1.  In a meeting earlier this week with PolOffs, Mustafa 
Sarigul, Mayor of Istanbul's Sisli District, focused more on 
his national ambitions than he did on the local elections 
scheduled for March 29.  With polls showing some 80 percent 
of the District supporting him for a third term, Sarigul can 
perhaps be forgiven for looking ahead. 
 
------------------------------------------- 
Mayor For Life In Sisli, If He Wants It ... 
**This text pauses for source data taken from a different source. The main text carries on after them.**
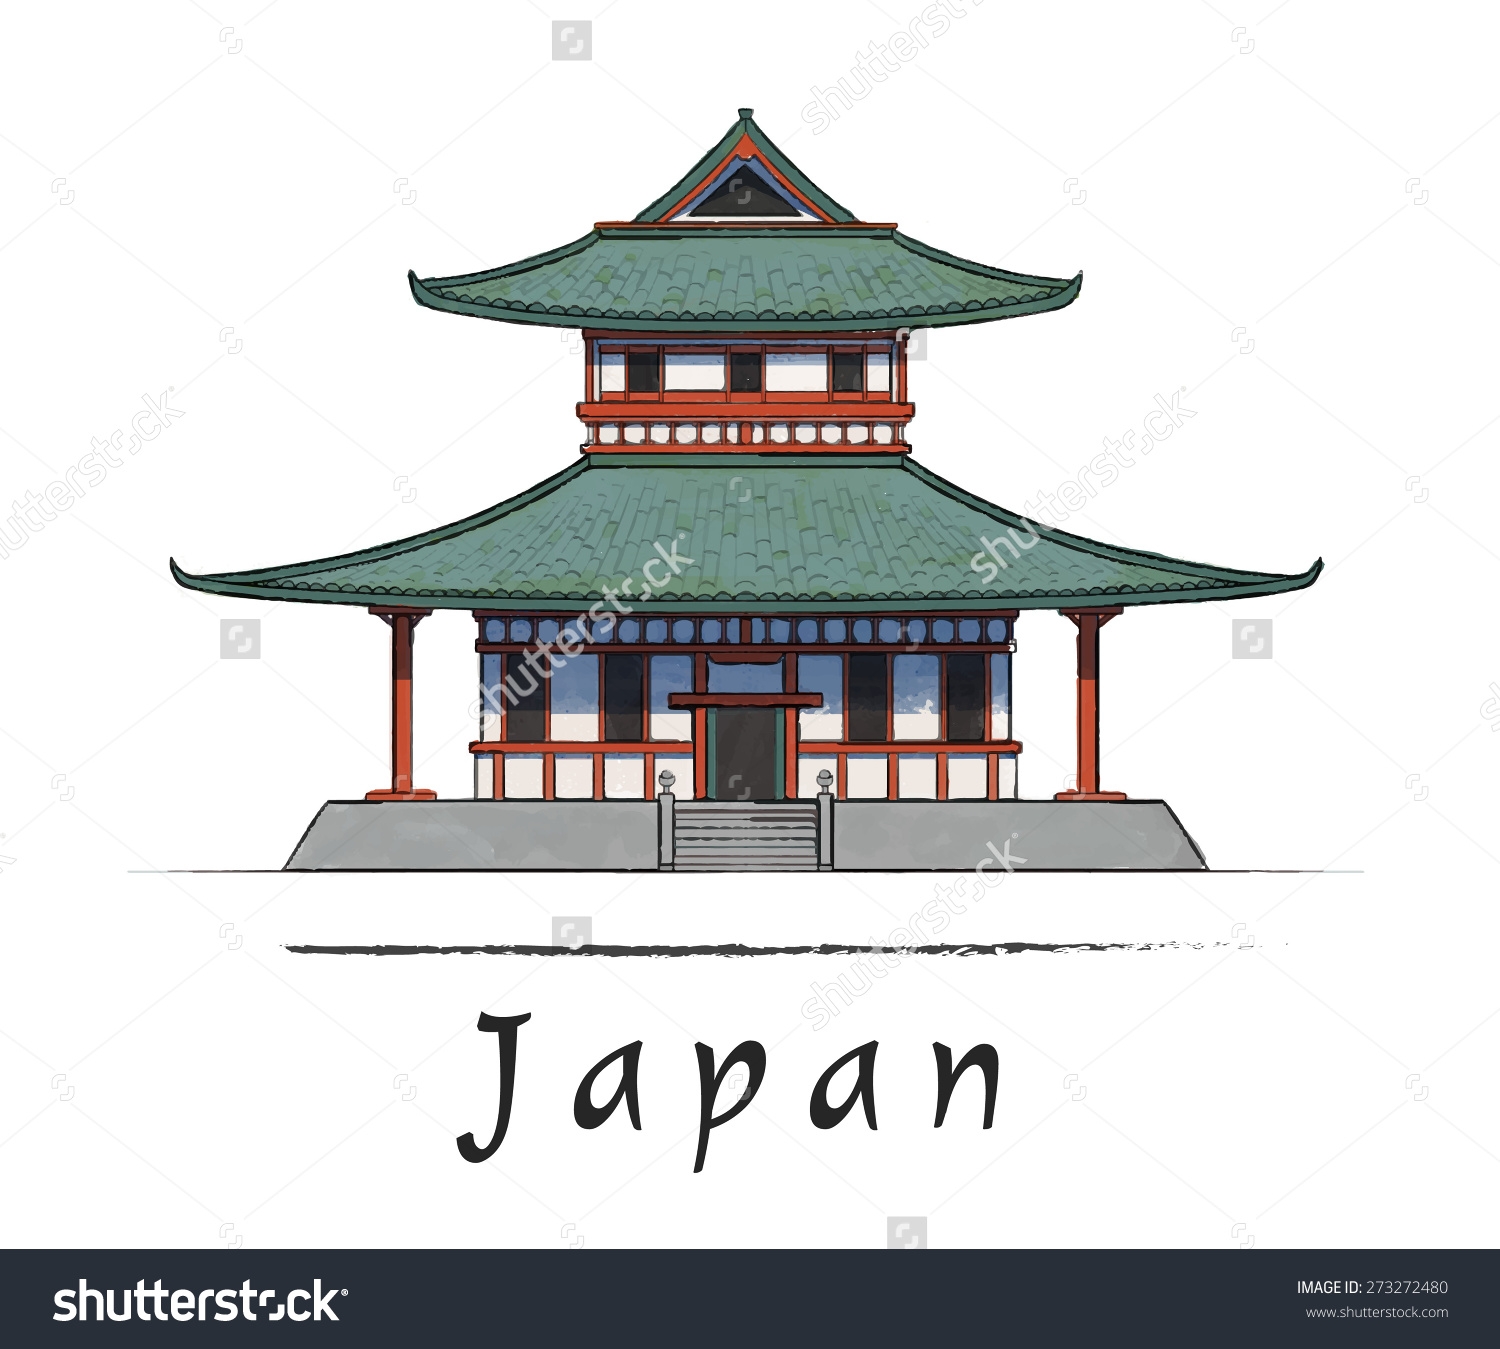 Japanese House Clipart.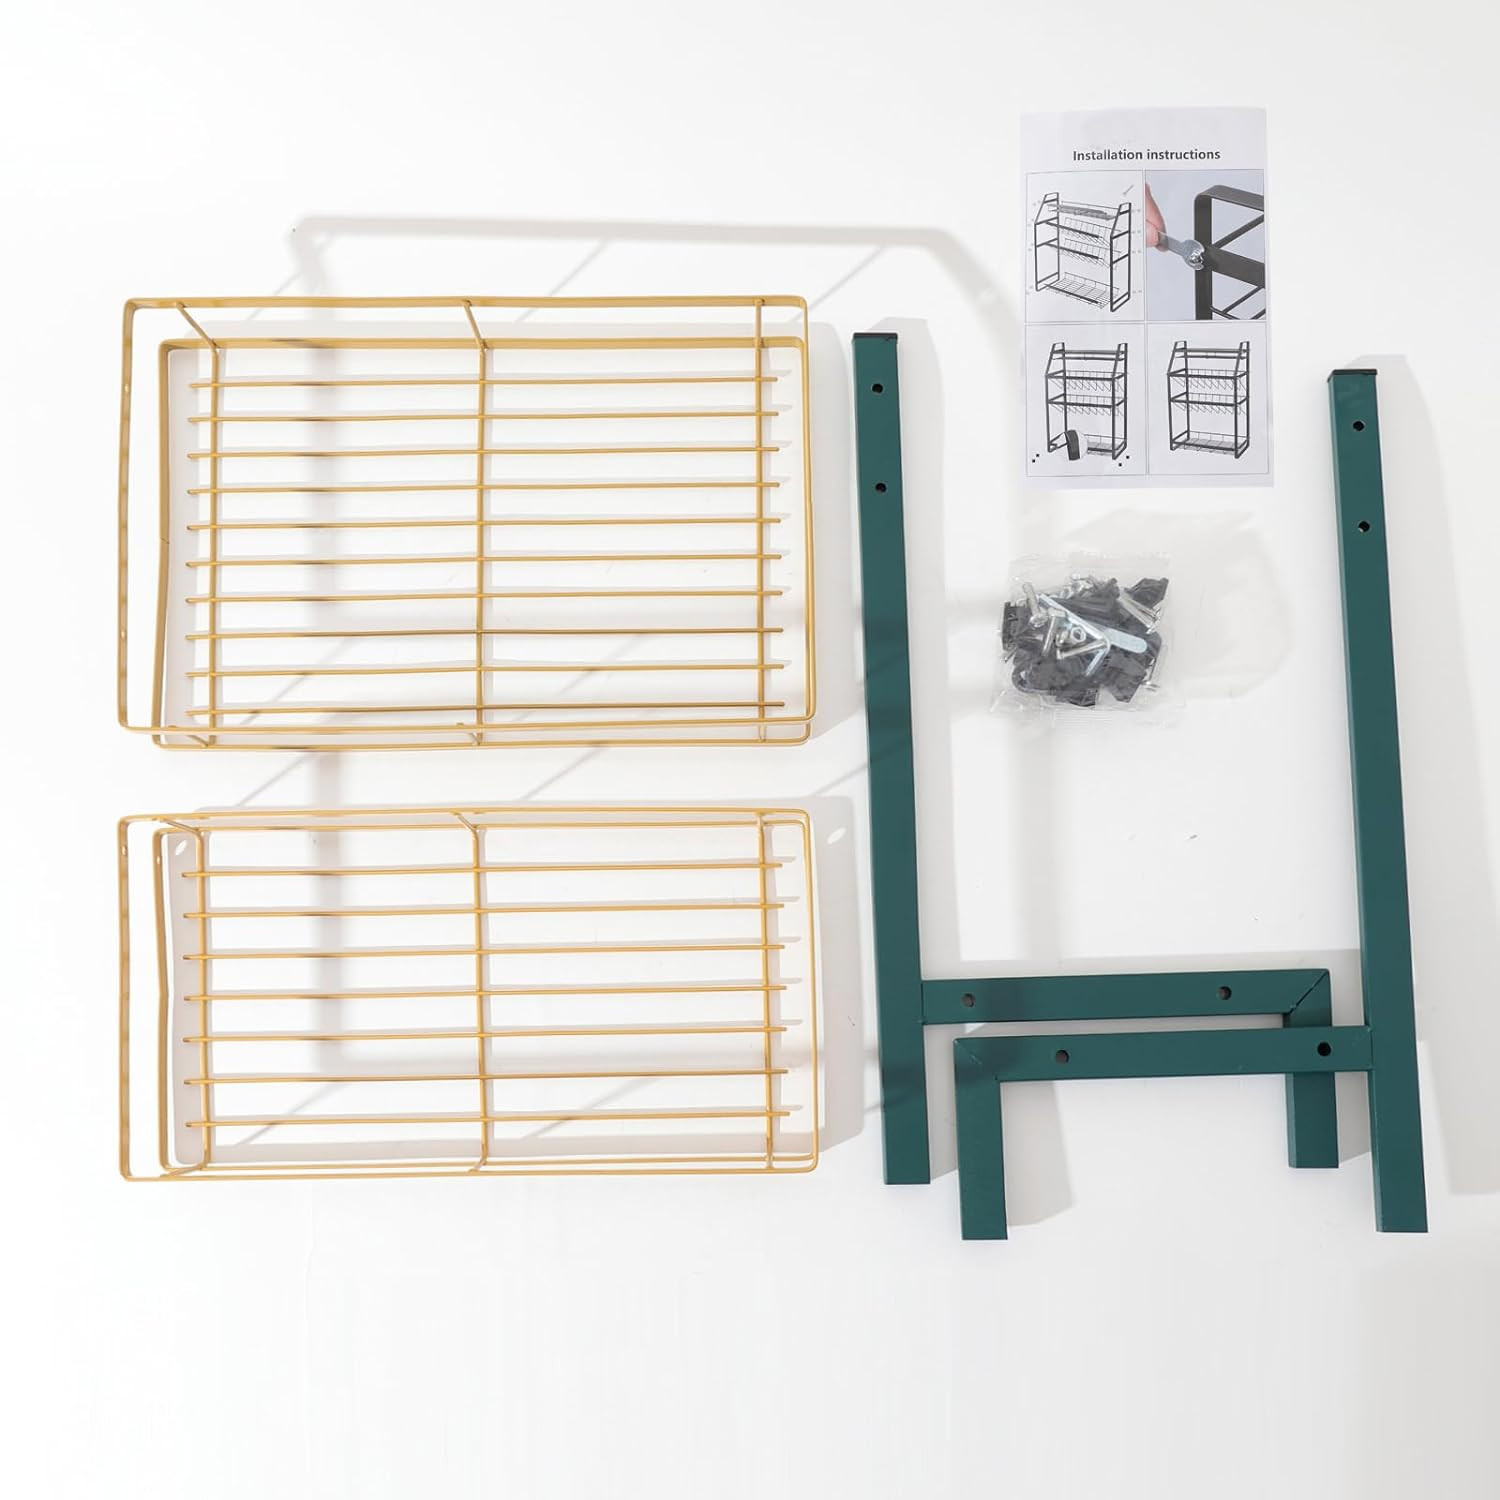 Kuber Industries 2-Layer Dish Drying Rack|Storage Rack for Kitchen Counter|Drainboard & Cutting Board Holder|Premium Utensils Basket (Green & Gold)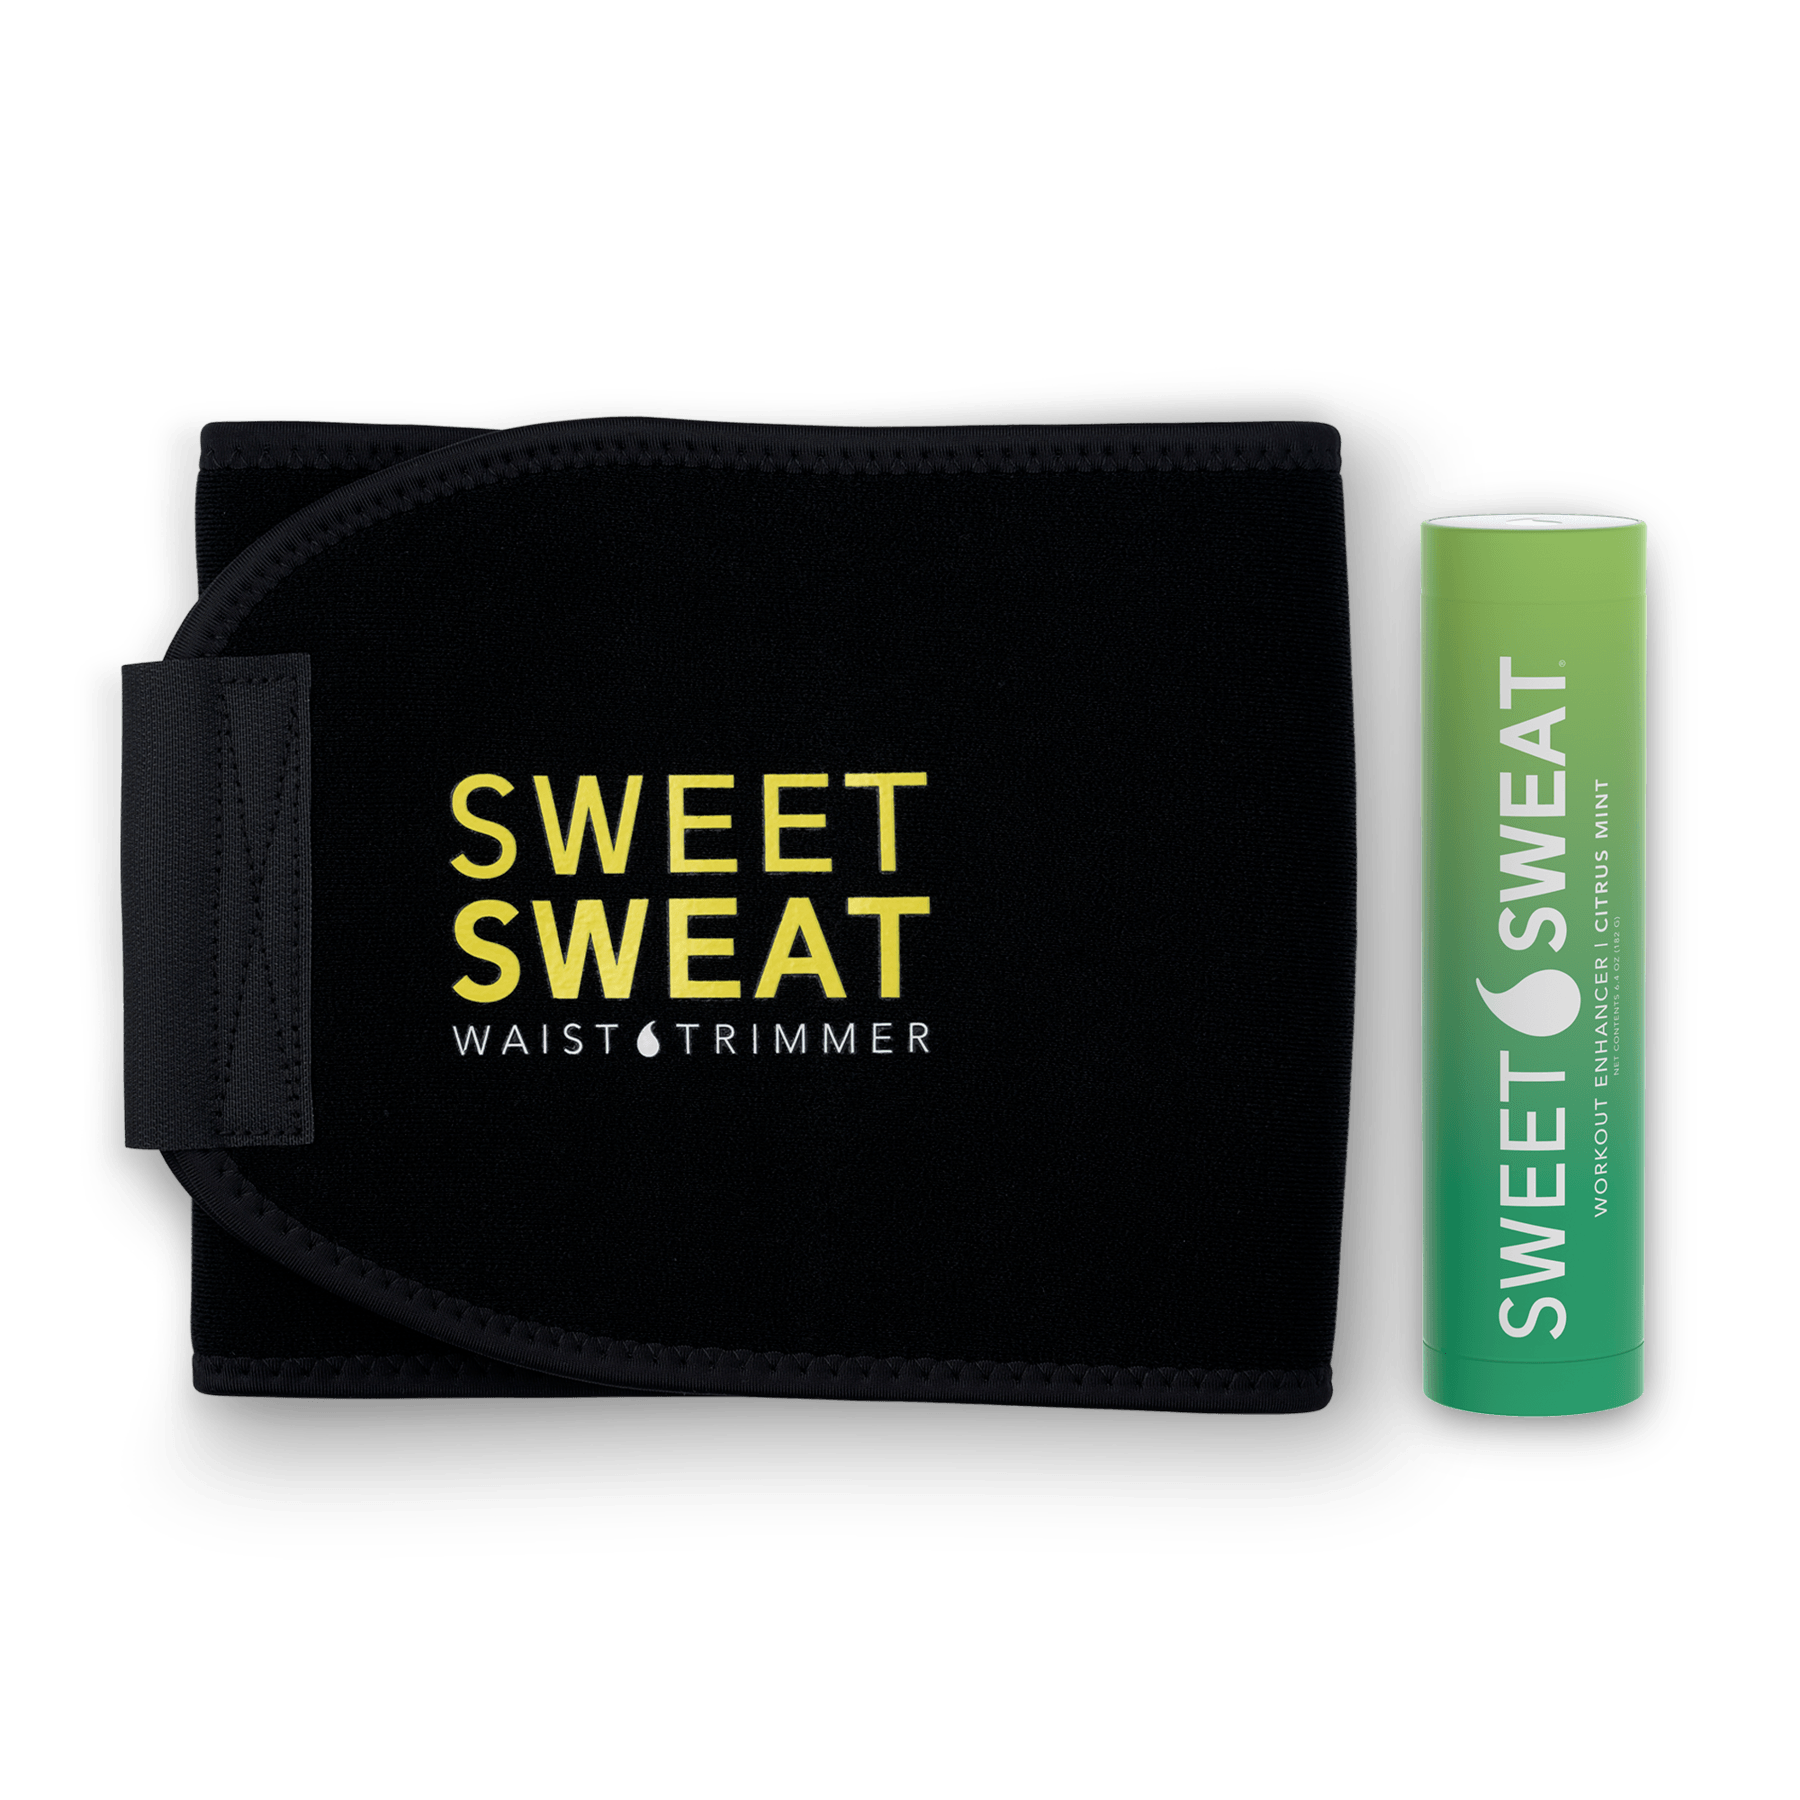 Sweet Sweat® Bundle with Trimmer & Sweet Sweat® Stick by Sweet Sweat, workout kit.

------------------------------------------- 
 
2.  Istanbul's Sisli District is one of Turkey's most 
important business centers.  Four hundred of Turkey's 500 
largest companies have offices in the district.  Home to some 
300,000 residents, during workdays its population swells to 
four million.  In a country that is overwhelmingly Muslim, 
seventeen percent of Sisli's voters are Christians or Jews, 
and the country's largest Armenian neighborhood is in the 
District.  In the 2004 local elections, Sarigul, running for 
re-election as a candidate of Turkey's secular Republican 
People's Party (CHP), won 66 percent of the vote (a national 
record, he told us). 
 
3.  The 53 year-old Sarigul first attained national 
prominence in 1987, when he became the youngest person ever 
elected to Parliament.  Last year, after unsuccessfully 
challenging Deniz Baykal for the CHP leadership in a close 
vote, he was booted out of the party.  (Sarigul told us he 
blamed his short temper for the loss.)  After a short period 
as an independent, he joined the Democratic Left Party (DSP), 
under whose banner he will vie for a third term as Sisli's 
mayor in the local elections scheduled for March 29.  There 
is no doubt that he will win:  He has 20,000 campaign workers 
(one for every ten voters); 40,000 people attended his 
opening campaign rally; and polls show his support around 80 
percent. He attributes his success to "very intensive, 
one-on-one contact," a good team and a record of providing 
constituent services (education and handicapped assistance 
programs, in particular). 
 
------------------------------------- 
... But He Has A Bigger Prize In Mind 
------------------------------------- 
 
4.  Sarigul has set his sights on the Prime Ministry.  While 
he expects the ruling Justice and Development Party (AKP) to 
get 45-50 percent of the vote in the local elections (a 
prediction in line with consensus estimates), he thinks this 
will be AKP's last electoral victory.  He notes that no 
Turkish party has ever won three general elections in a row, 
and predicts that this same fate awaits AKP in the 2011 
national elections.  He says Erdogan's two biggest advantages 
are Baykal and Bahceli (leaders of the two largest opposition 
parties, widely scorned for their fecklessness).  He believes 
that an effective opposition leader (to wit, him) can 
successfully challenge Erdogan.  Indeed, Sarigul fancies 
himself to be a post-partisan politician, as shown by his 
leadership of the Sisli District Council:  While the Council 
has 29 CHP and 8 AKP members (and no DSP member), Sarigul 
claims that 97 percent of its decisions are arrived at by 
consensus, thanks to his leadership. 
 
5.  Sarigul has not yet chosen the vehicle that he will use 
to make his run at the Prime Ministry.  He was quite clear to 
us that his association with DSP was strategic, and that if 
DSP did not make the changes he feels necessary to support 
his national ambitions (polls show DSP currently commands the 
support of but two percent of voters), he would quit the 
party and form a new social democrat party.  "History will 
not write about what I did as leader of a party," he said, 
"but what I did as Prime Minister."  He claimed the support 
of several (unnamed) prominent political leaders, as well as 
of some 120,000 volunteers in all 81 provinces, waiting to 
spring to action once he makes his decision.  He is not 
concerned about financing a campaign, saying that with 
popular support, the money will come.  He will start 
organizing right after the local elections, and will make a 
decision how to proceed 3-4 months later. 
 
6.  In several ways Sarigul does not fit the mold of a 
 
ISTANBUL 00000118  002 OF 002 
 
 
Turkish politician: 
 
--  He is proud of his outreach to minority communities.  He 
has appointed an Armenian deputy mayor (who participated in 
our meeting), and supports opening the border with Armenia. 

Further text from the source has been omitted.